The advantage of EpiSort over single-cell based technologies is clear: since no cell suspension is required, the analysis could be performed on solid tissues without additional destructive dissociation steps, and importantly, it could be performed on archived samples.

□ GECKO: a genetic algorithm to classify and explore high throughput sequencing data

>> https://www.nature.com/articles/s42003-019-0456-9.epdf

GECKO for GEnetic Classification using k-mer Optimization is effective at classifying and extracting meaningful sequences from multiple types of sequencing approaches including mRNA, microRNA, and DNA methylome data.

GECKO keeps a record of all k-mers eliminated due to redundancy along with the ID of the k-mer that caused it to be eliminated. Thus, when the genetic algorithm finds a solution, GECKO can provide all the redundant k-mers that would have provided a similar solution.

□ GTShark: Genotype compression in large projects

>> https://academic.oup.com/bioinformatics/advance-article-abstract/doi/10.1093/bioinformatics/btz508/5521623

GTShark is a tool able to compress large collections of genotypes almost 30% better than the best tool to date, i.e., squeezing human genotype to less than 62 KB.

It also allows to use a compressed database of genotypes as a knowledgebase for compression of new samples. GTShark were able to compress the genomes from the HRC (27,165 genotypes and about 40 million variants) from 4.3TB (uncompressed VCF file) to less than 1.7GB.

□ Genomics Research In Orbit

>> http://spaceref.com/international-space-station/genomics-research-in-orbit.html

NASA works on the Genes In Space-6 (GIS-6), GIS-6 uses the Biomolecule Sequencer to sequence DNA samples to help scientists understand how space radiation mutates DNA and assess the molecular level repair process.

□ Bayesian GWAS with Structured and Non-Local Priors

>> https://academic.oup.com/bioinformatics/advance-article-abstract/doi/10.1093/bioinformatics/btz518/5522013

Structured and Non-Local Priors GWAS (SNLPs) employs a non-parametric model that allows for clustering of the genes in tandem with a regression model for marker-level covariates, and demonstrate how incorporating these additional characteristics can improve power.
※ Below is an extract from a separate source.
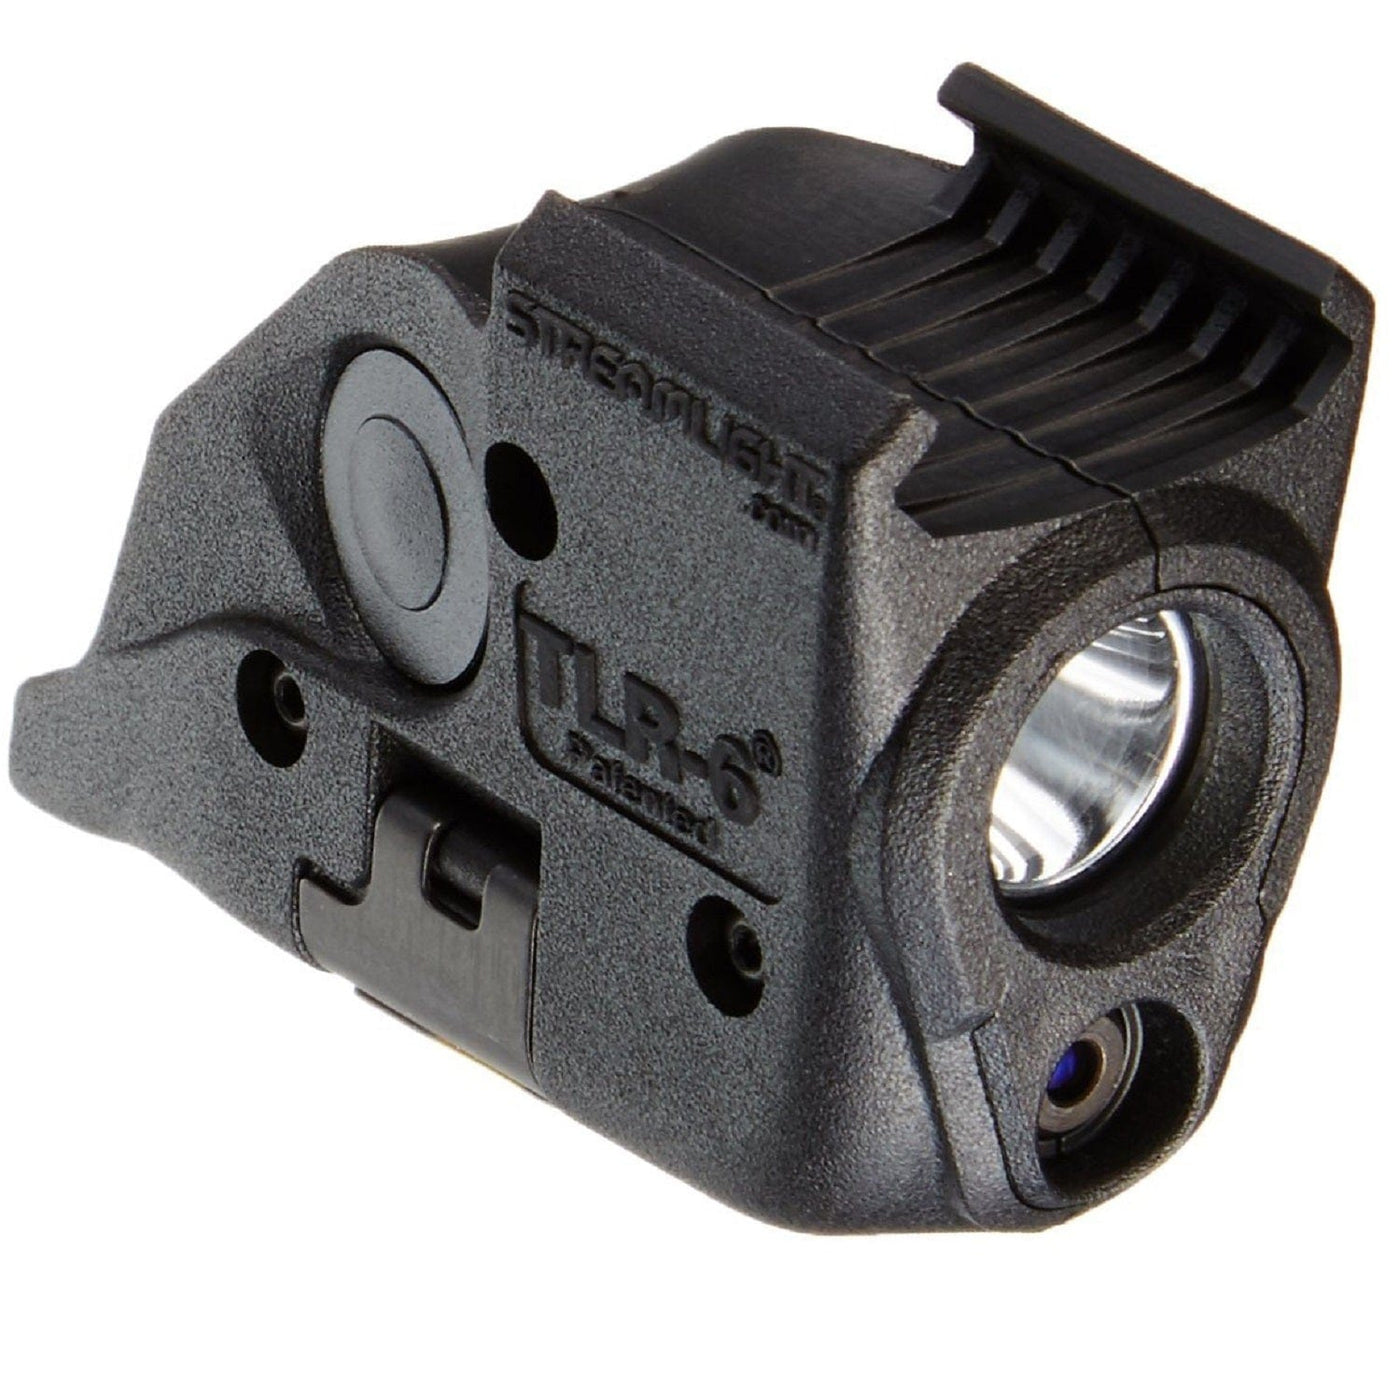 Streamlight Streamlight TLR-6 Rail Mount for Smith and Wesson Flashlight Lights
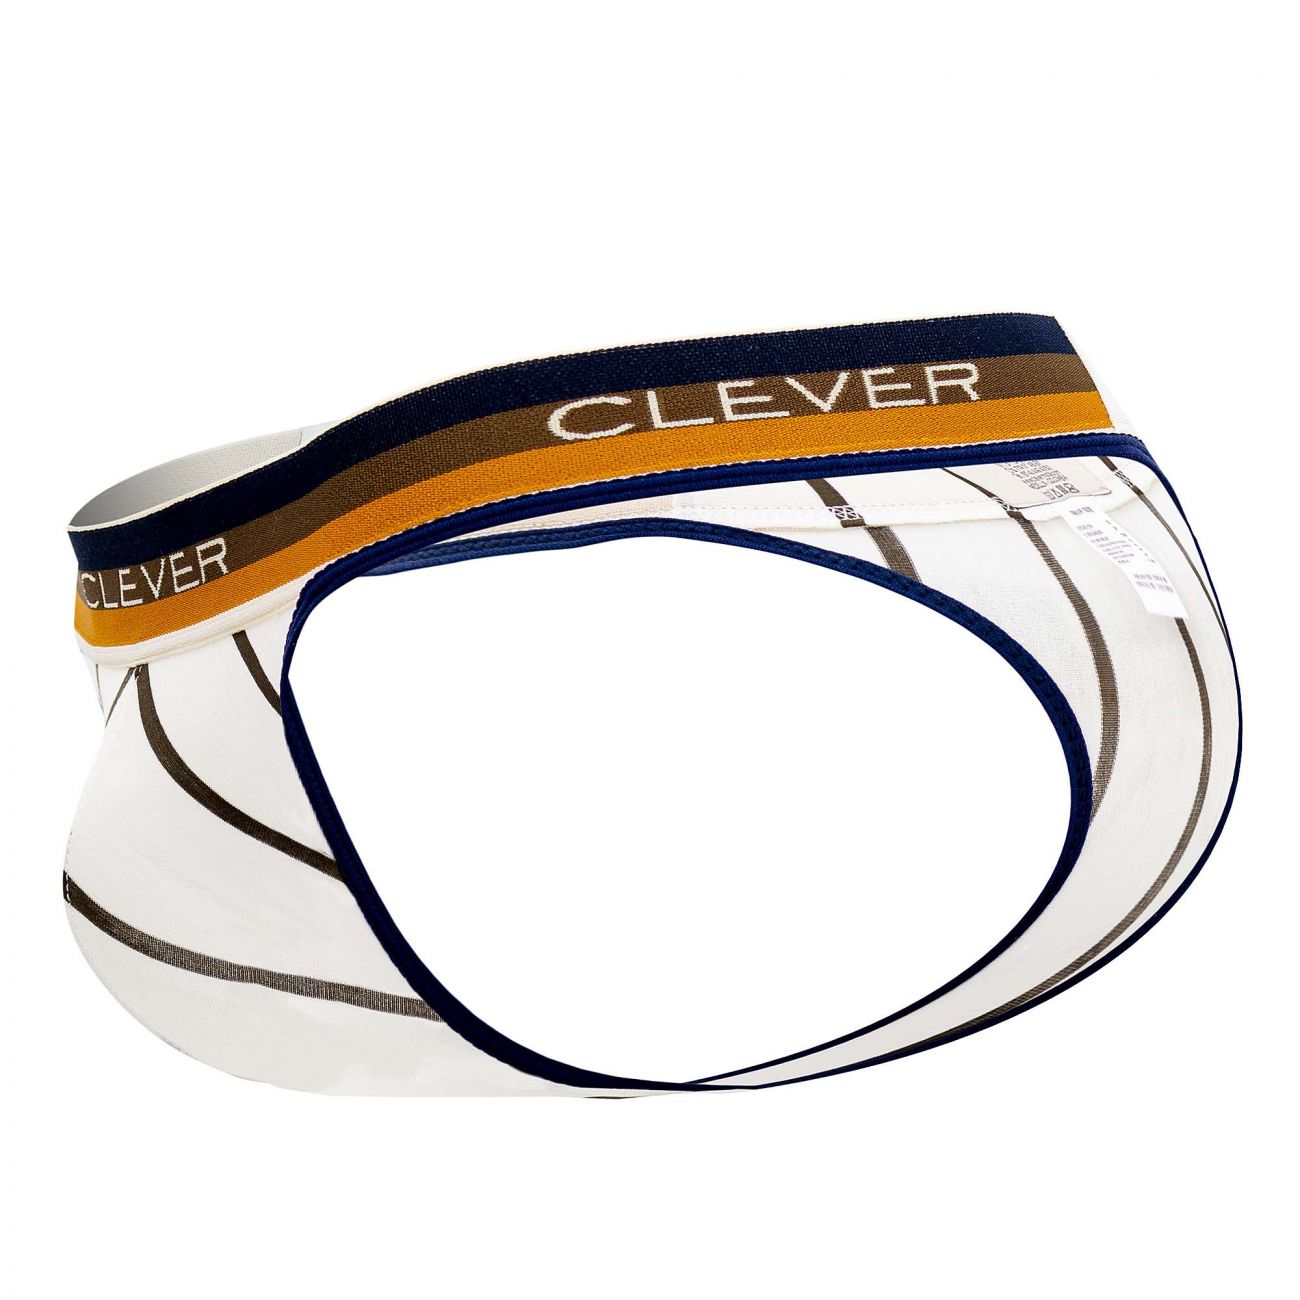 Clever 0584-1 Play Thongs

□ Re-curation and rational enrichment of knowledge graphs in Biological Expression Language

>> https://academic.oup.com/database/article/doi/10.1093/database/baz068/5521414

a generalizable workflow for for syntactic, semantic quality assurance, and enriching existing biological knowledge graphs (KGs) with a focus on the reduction of curation time both in literature triage and in extraction.

INDRA is flexible enough to generate curation sheets for curators familiar with formats other than BEL, such as BioPAX or SBML.